When we model a population with certain assumptions, but then the laws of random sampling tell us that the population as assumed would be extremely unlikely to produce the real-world sample we observed, then we have reason to doubt the assumptions are true. Of course, this also assumes that our real-world sampling technique was good ( = random).

These “laws of random sampling” are what the CLT is all about, and will be the subject of this video. They help us complete step 1 (above), and infer, in advance, the range of means we’d likely see in a sample taken randomly from a population with an assumed mean and an assumed standard deviation.

As we start to explore the CLT, let’s establish a definition of what we mean when we say an outcome is “unlikely.”

One very common probabilistic definition, and the one we’ll adopt, is that something is unlikely if it has a less than 5%, or a 1-in-20, chance of occurring.

What does this look like on the normal model? Recall the Empirical Rule, which says that 95% of the population is WITHIN 2 standard deviations of the mean. (This leaves 5% of the population falling OUTSIDE of 2 standard deviations.)

So this leaves 2.5% of normal data >+2 standard deviations (having a Z-score greater than 2); and 2.5% <-2 standard deviations (a Z-score of less than -2), for a total of 5% of a normal data outside of the +/- 2 range (i.e. being more extreme than 2 standard deviations from the center).

When we observe one individual datum, at random, from a normal distribution, then, it has only a combined 5% chance of being from one of these tails, that is, having an absolute Z-score greater than 2. And by our definition, then, any absolute Z-score greater than 2 is “unlikely.”

Let’s take the example of flipping 100 coins again.

We know that when data has variance, a sample of it might not give the exact true mean. Because, for example, flipping 100 coins might give 52 tails, but this doesn’t prove bias in a coin, because we know intuitively that this result isn’t that unlikely, give the random nature -- the variance -- in a fair coin.

But if we start to get more tails -- 60, 75 -- at what number precisely can we say that something other than randomness alone (like a true weight imbalance on the coin, a real bias in the coin) appears to be at work?

The CLT is what allows us to answer questions like these. As the “law of random sampling” (as we could call it), the CLT gives us the means were likely to see, in a random sample taken from a population with a given mean and variance.

It says that: as n increases (as our samples get larger), this range of possible samples means (1) becomes normally distributed, even if the population’s original distribution is not normal, and (2) the sample mean will converge on the true mean.

This is perhaps THE most important idea in all of statistics. It’s what allows us to reach logical conclusions with only partial knowledge of the whole (with only a mere sample of a population).
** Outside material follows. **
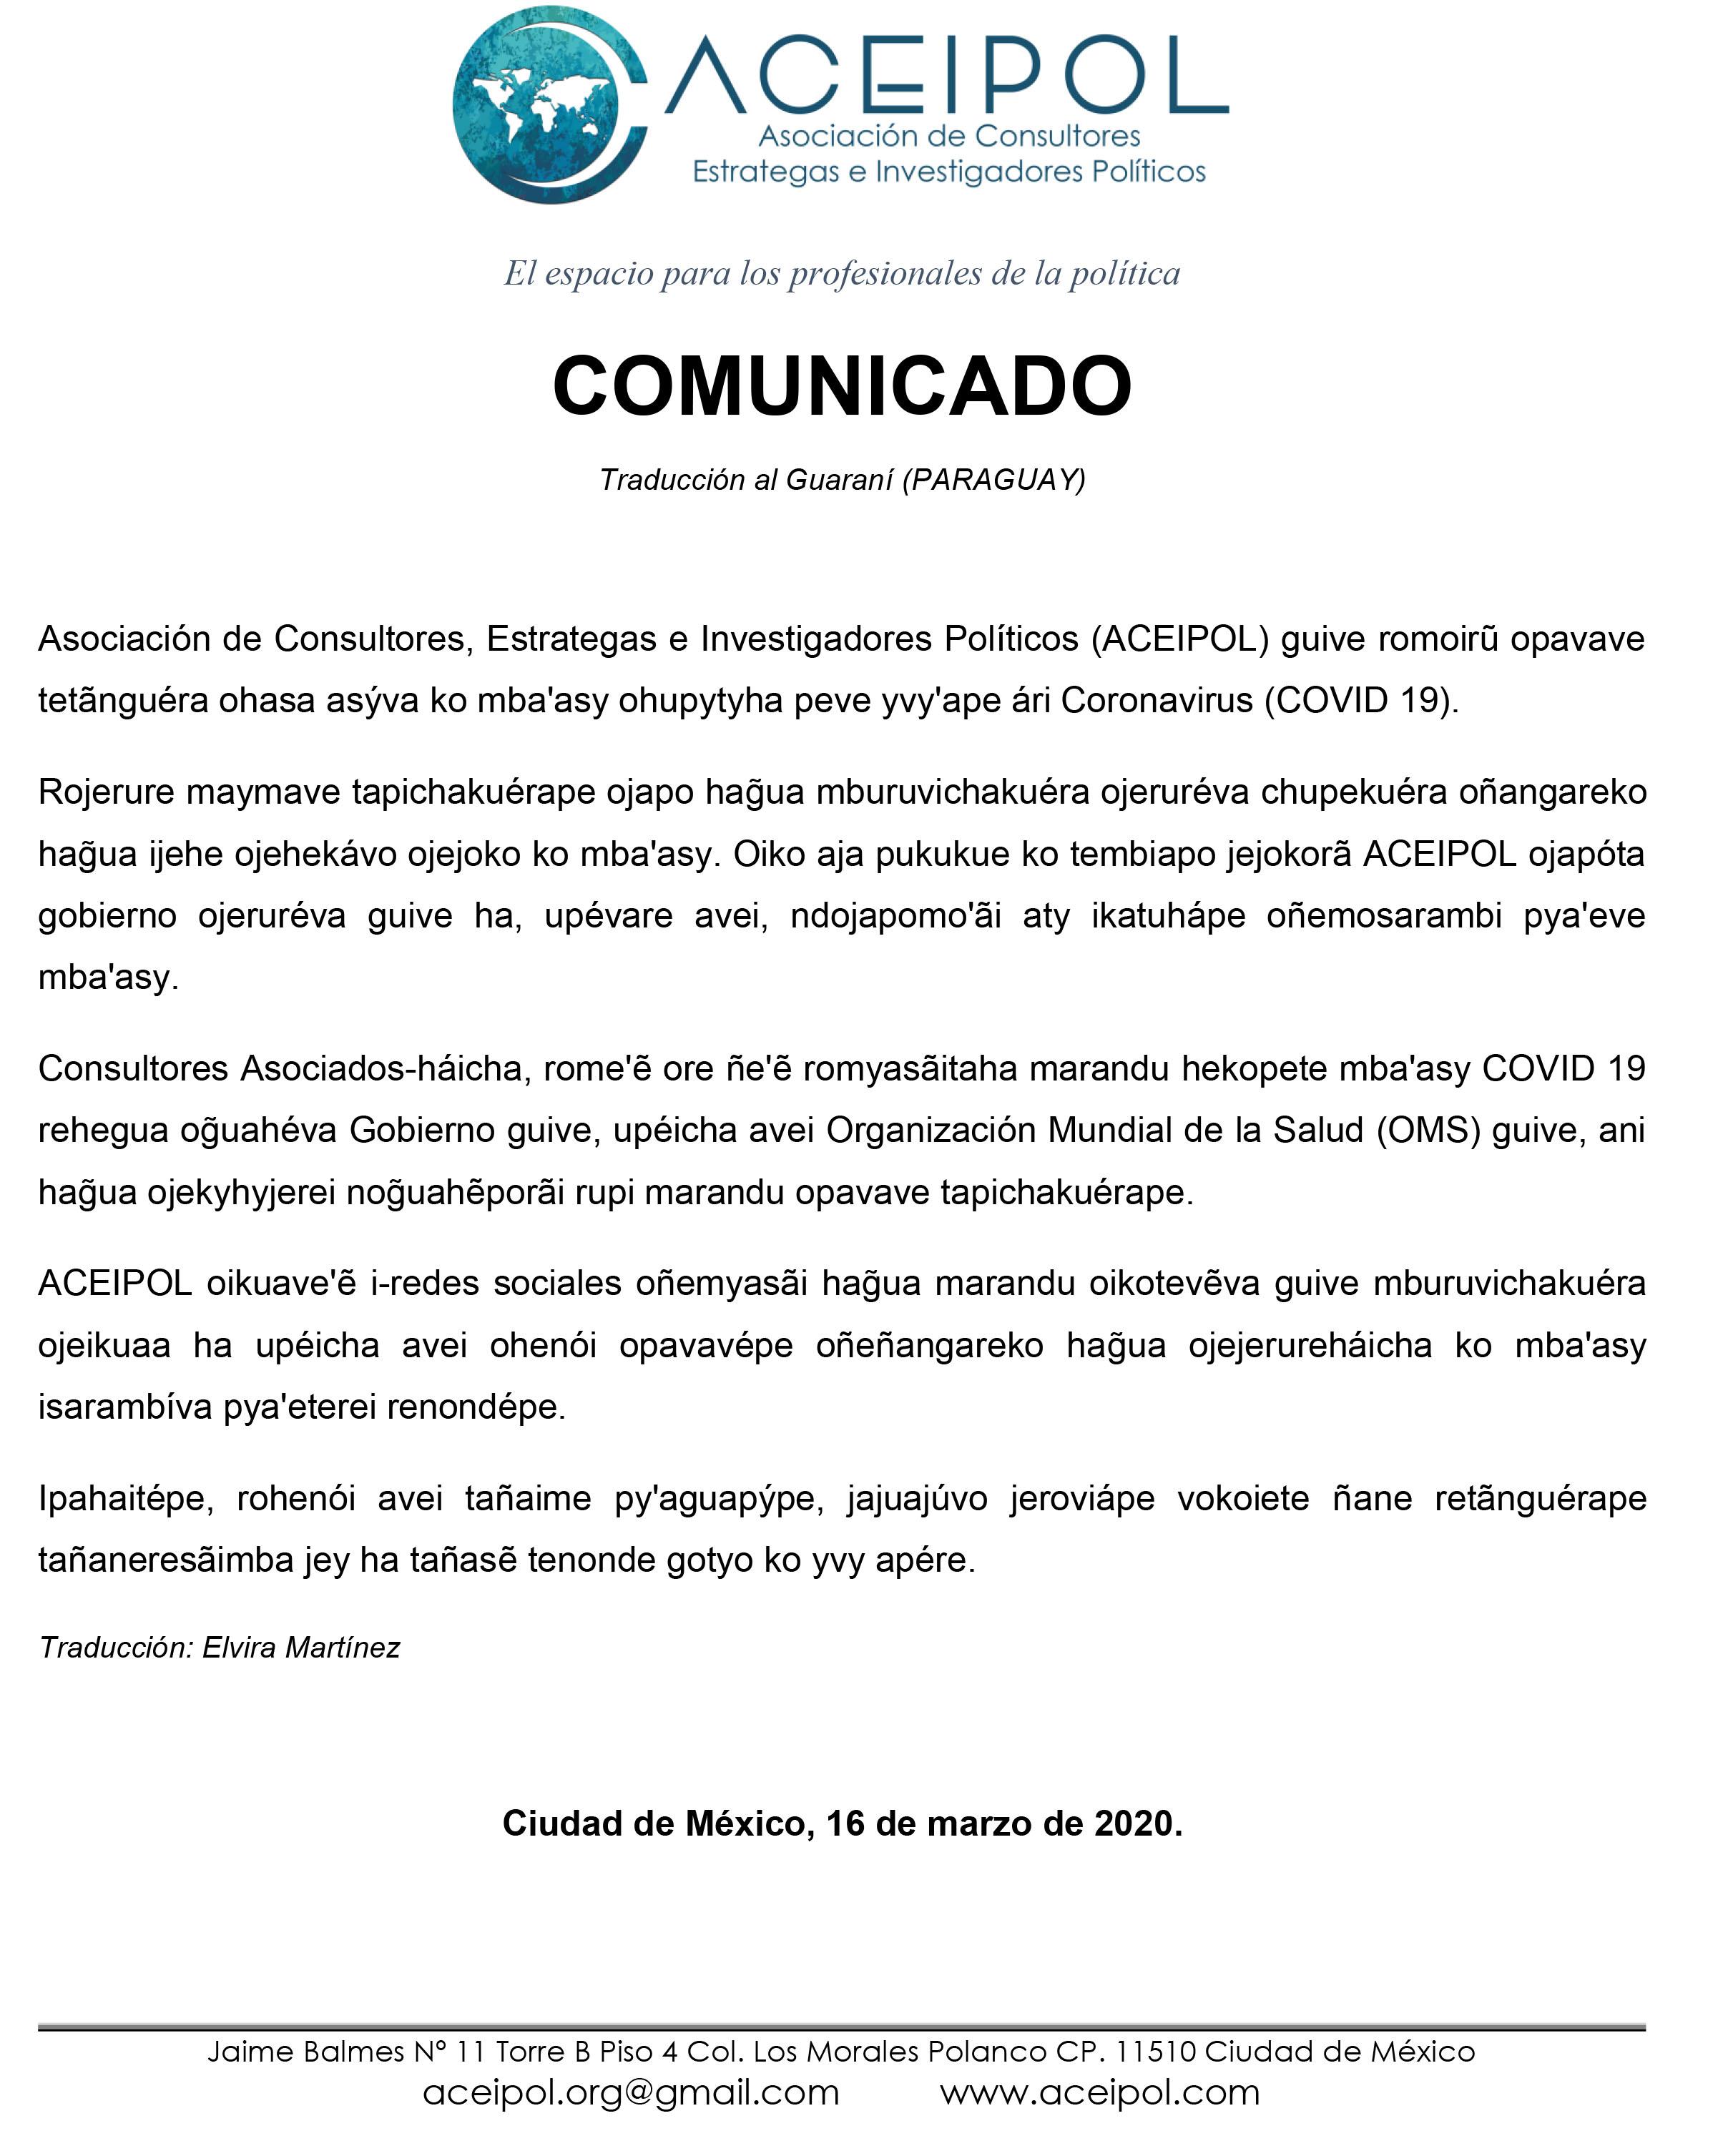 COMUNICADO_COVID_19_ACEIPOL_Guaraní-1

To see how, to demonstrate the CLT, and show these TWO attributes at work, let’s perform a quick experiment.

What we’re really interested in here is the precise VARIANCE (the “error”) in sample means that’s possible, since samples of the same size from the same population can deliver a variety of different means.

So, if we’re interested in knowing how samples from the same fixed population can vary, why not repeat the same sample (of the same n) many times, chart all the sample means we get, and see what we get for variance between all of them?
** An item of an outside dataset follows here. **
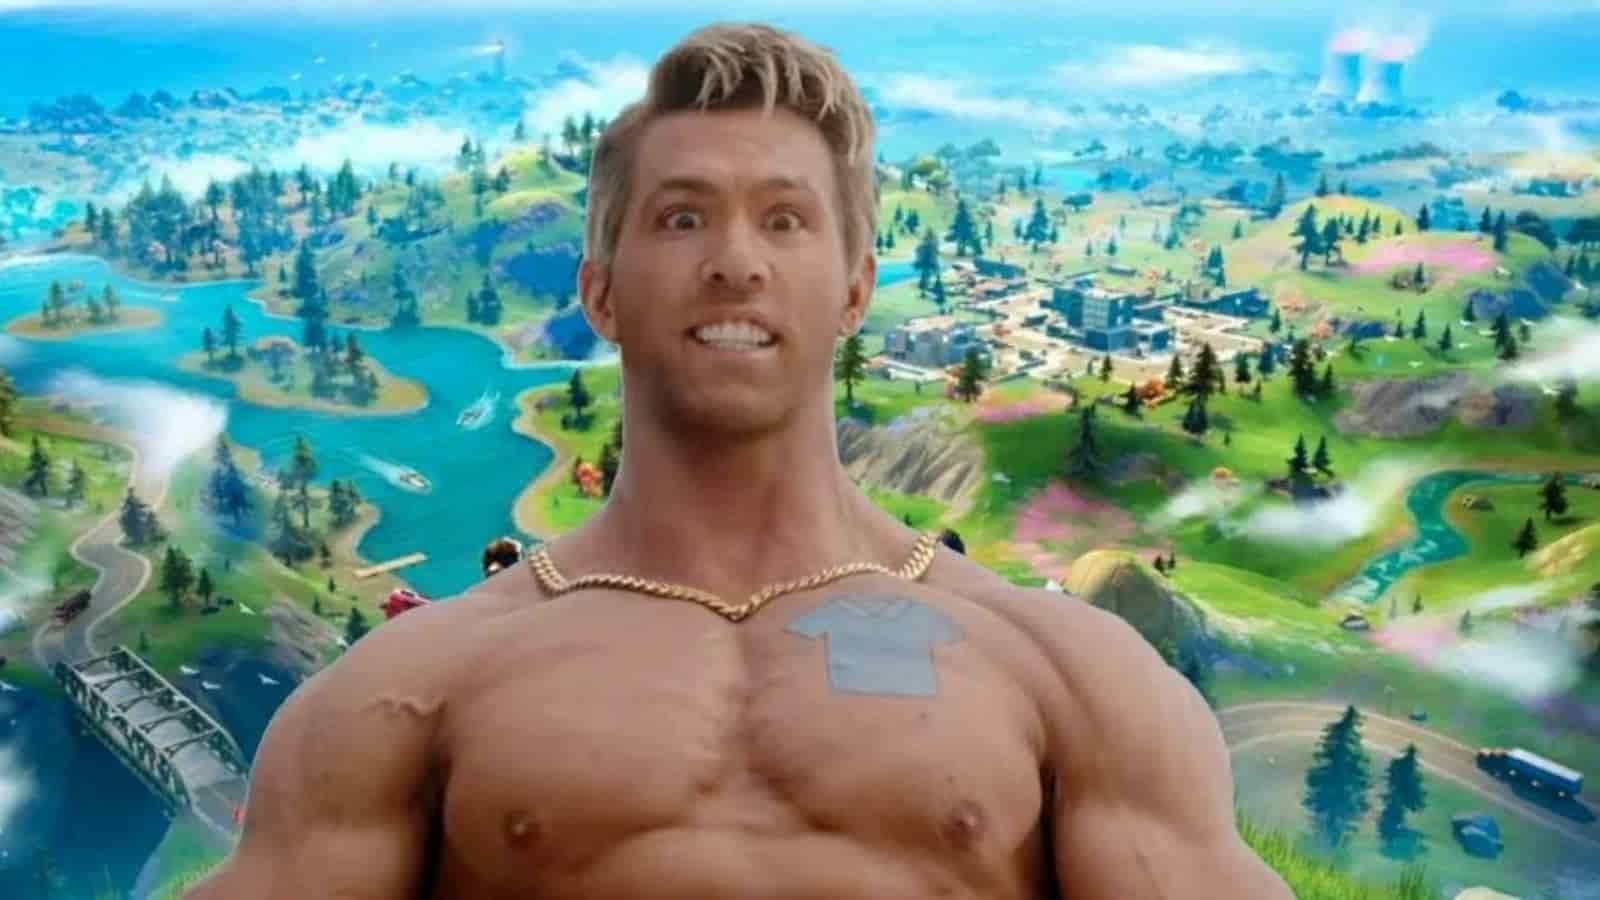 Fortnite Dude Skin: Ryan Reynolds Free Guy New Skin in Season 7

Because we know that n increases accuracy. So we just need to repeat the sample enough times, and the size of this “sample of samples” will eventually be large enough that we can be sure it’s giving pretty accurate results of how sample means truly vary (for a fixed n). We’ll be able to spot the mathematical pattern if there is one.

Let’s start with the smallest sample possible, sampling ONE coin flip at a time (n = 1). And let’s take 100 samples -- and just trust me when I say 100 will be enough “samples of samples” to see the CLT at work.

Let’s also go ahead and assign heads a value of 0 and tails a value of 1, to convert our flips into binary data that we can do math with.

Note that when we run a simulation of 100 samples of n = 1, because each sample has only 1 member, each sample will have a mean of its own value -- that is, of 0 or 1.

Now because a sample of n = 1 is equivalent to selecting a random individual from the population, you might be thinking “isn’t this [100 samples of 1 individual] the same as 1 sample of 100 individuals [flips]?” And you’re right, but we’re currently interested in seeing how MEANS vary between samples, so we’ve set up things like this.

So, running the simulation: what how many means of 0 and means of 1 will we get out of 100 samples, and what will be the “mean of these 100 means?” And how will these 100 0s or 1s vary around this mean of means?

This is all better shown than explained. So here we go: we got 49 means of 0, and 51 means of 1. Overall, this averaged into 0.51. We’re calling this our mean of 100 means.

The variance of all these means is 0.2524. Recall how variance is calculated for a sample. [It’s the “n - 1” average of all the 0s and 1s squared difference from 0.51. ( = the “n - 1” average of 49 (0 - 0.51)^2s with (1-0.51)^2s).] Variance this is the 100 means’ “average squared difference” from the mean of means, 0.51 -- which makes sense. 0 and 1 are both about 0.5 away, and 0.5^2 = 0.25.

Why did we take the means of samples of only n = 1 first? Samples of 1, of course, are equivalent to sampling individuals, and taking the mean of one individual doesn’t do anything. So what we’ve actually obtained here is the DATA’S own variance -- the variance we can assume is inherent to the population itself. But, I wanted our process to be consistent -- we’ll bump up n to 10 next.

But this exercise gave us a baseline, so we can see what happens to the variance of sample means as we INCREASE sample size This way, we can expose, and measure, the CLT’s effects.

Importantly too, note at this point how the sample data (assumed to be representative of the population) has a UNIFORM distribution (that is, every outcome (out of 2) has about equal chance of occurring). It’s NOT a normally distributed population.

Now, we’ll bump up the sample size to n = 10, and simulate 100 samples of 10 flips each. How do the sample means vary now?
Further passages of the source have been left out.